Esta guía técnica detalla cómo implementar un sistema de inventario seguro en Unreal Engine C++ utilizando lógica server-authoritative para evitar trampas en las transiciones de estado de inspección de objetos. Se contrastan los esquemas relacionales (PostgreSQL) y NoSQL para el diseño de la base de datos de inventario, incluyendo un ejemplo de validación en Node.js mediante tokens. Por último, se demuestra cómo horizOn simplifica la persistencia segura y la replicación del estado del juego en tiempo real.
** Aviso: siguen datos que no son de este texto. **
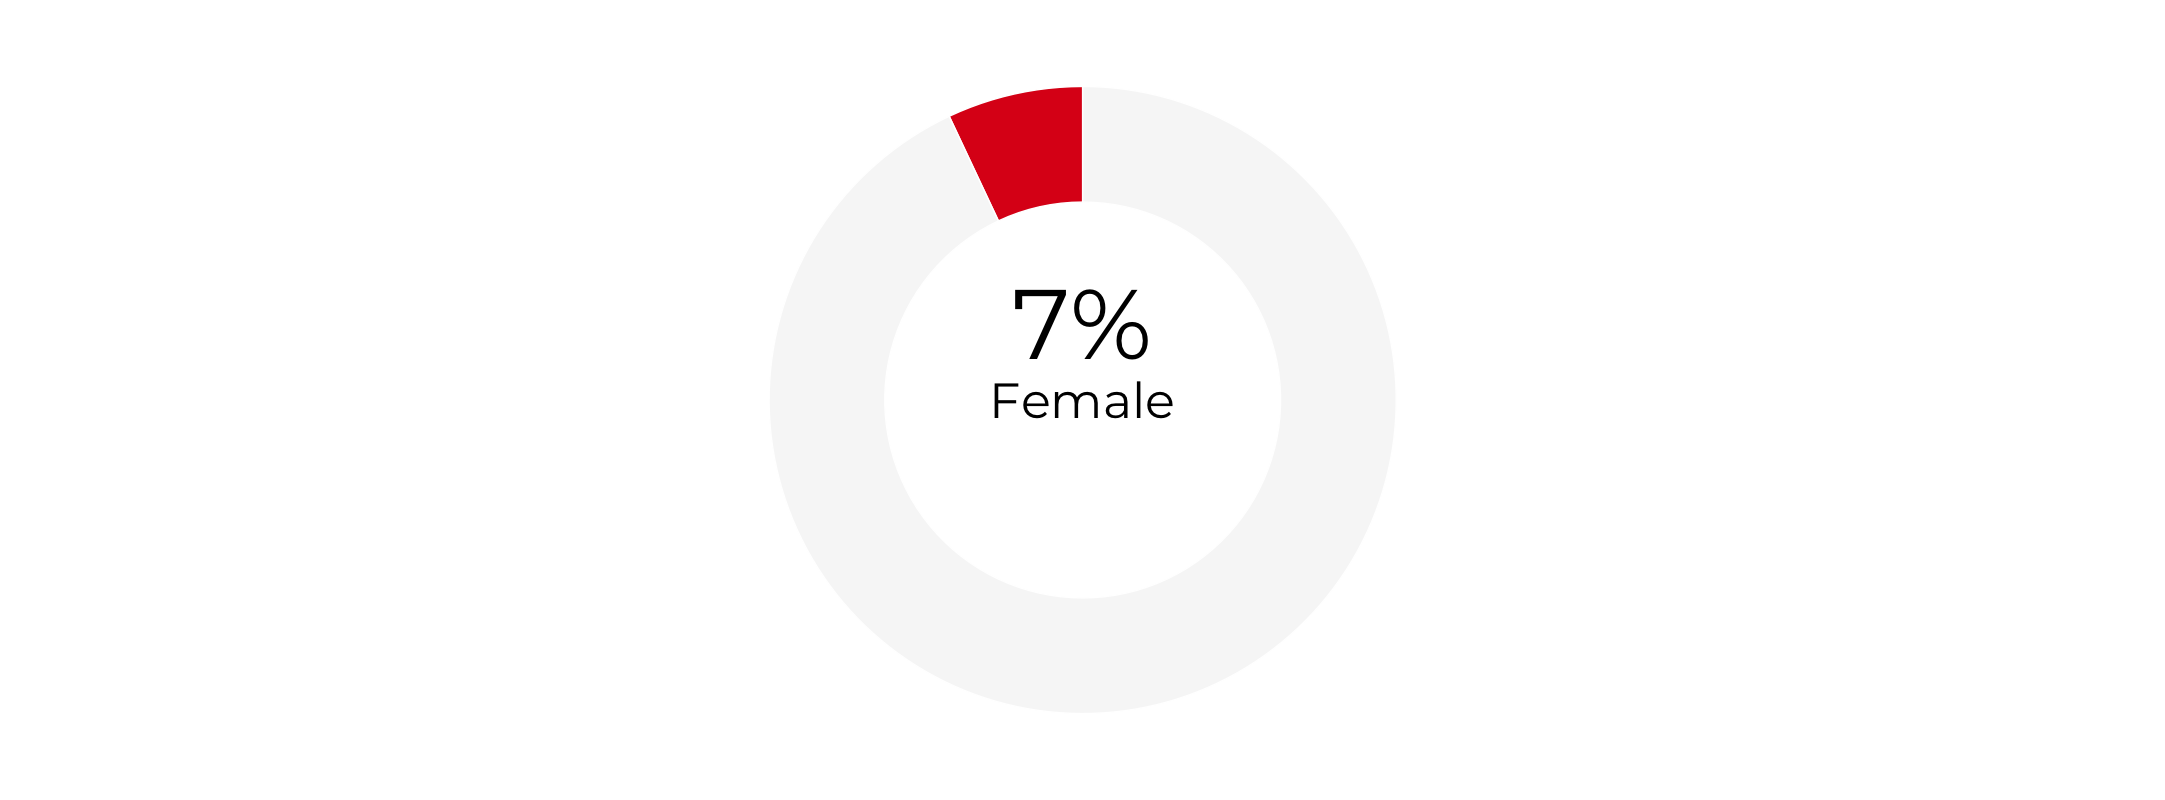 Graph about Gender Composition of Secretaries of Energy. More detailed text description below.

Tus jugadores explotarán cualquier vulnerabilidad para duplicar objetos raros, y las transiciones de estado client-authoritative son su objetivo favorito. En juegos de terror, aventuras y RPGs, la acción de inspeccionar un objeto —como recoger una llave, rotarla en 3D para encontrar una pista y añadirla al inventario del jugador— es una mecánica clásica. Si el cliente de tu juego dicta directamente cuándo se añade un objeto al inventario sin verificación del servidor, una simple herramienta de inyección de paquetes como Cheat Engine o Fiddler puede engañar al cliente para que envíe señales de "add item" (añadir objeto) para ítems que el jugador ni siquiera ha visto. Para evitar esto, los desarrolladores deben implementar una integración de base de datos robusta para el sistema de inventario del juego que conecte las interacciones del lado del cliente con la lógica server-authoritative y una persistencia segura en la nube.
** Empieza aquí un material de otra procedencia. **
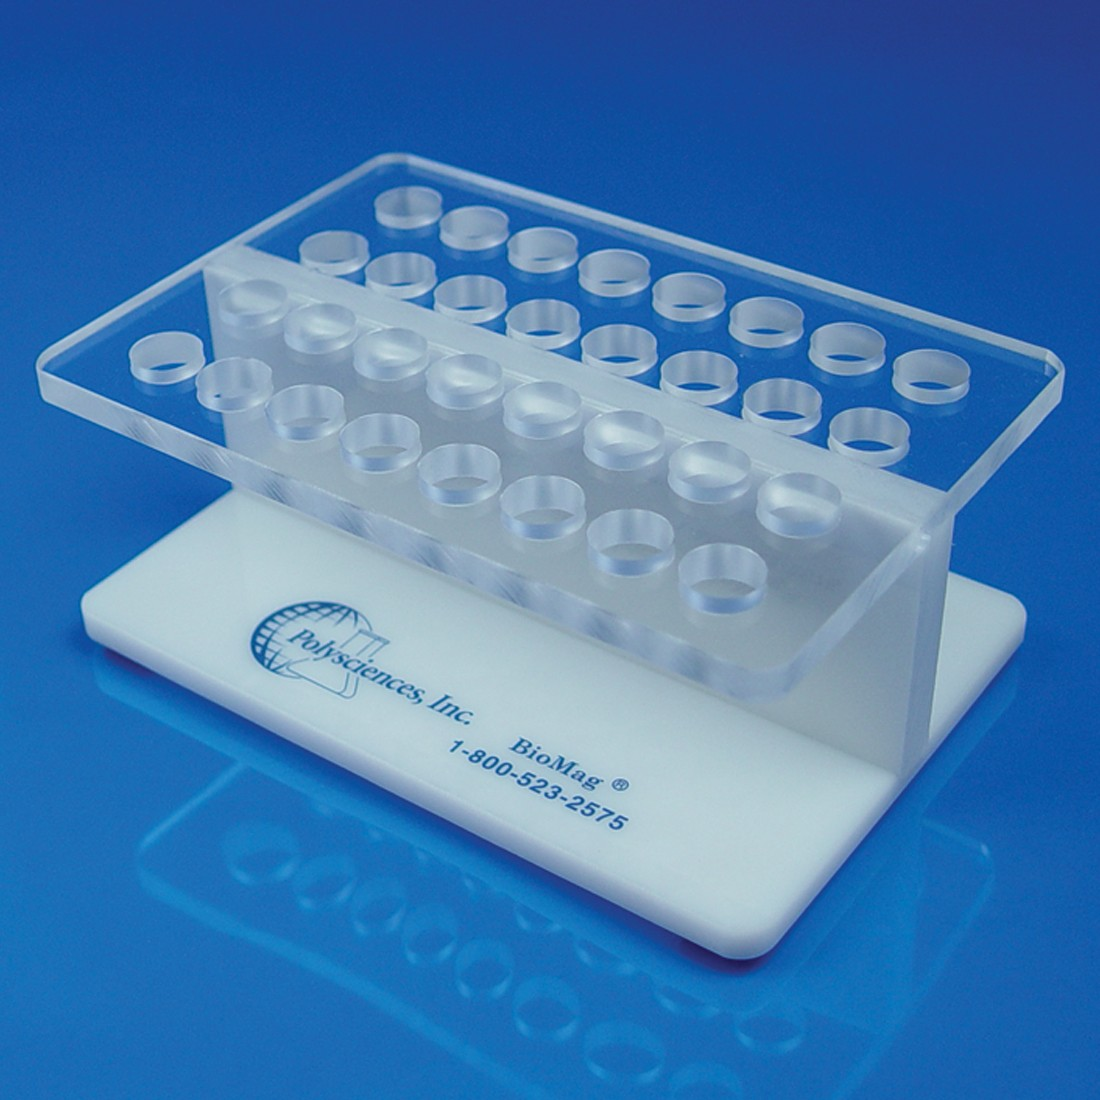 BioMag® Multi-32 Microcentrifuge Tube Separator

El ciclo de vida de inspección a inventario

Para construir una sincronización de inventario segura, primero debemos desglosar el ciclo de vida de la inspección de objetos. Esta secuencia coordina los actores del mundo físico, los estados de inspección locales del lado del cliente, los componentes de inventario server-authoritative y el almacenamiento en la base de datos.

  1. Detección de interacción: El jugador se acerca a un actor físico (AInspectableActor) en el mundo del juego. Un line trace o un volumen de colisión marca el objeto como interactivo.
  2. Transición al modo de inspección: El jugador presiona la tecla de interacción. El cliente entra en un estado de inspección local, bloqueando el movimiento del personaje, rotando el objeto dentro de un contenedor de coordenadas de screen-space dedicado y renderizando una superposición de descripción en 2D.
  3. Etapa de verificación: El jugador hace clic en "Tomar". En lugar de que el cliente añada el objeto al inventario, envía una solicitud de token de interacción al servidor.
  4. Validación del servidor: El servidor confirma que el jugador está dentro del radio de interacción física (~250 Unreal units) del actor y que este se encuentra activo.
  5. Integración de base de datos: El servidor añade el objeto al array de inventario, escribe la actualización en la base de datos persistente y transmite un evento de destrucción para el actor del mundo.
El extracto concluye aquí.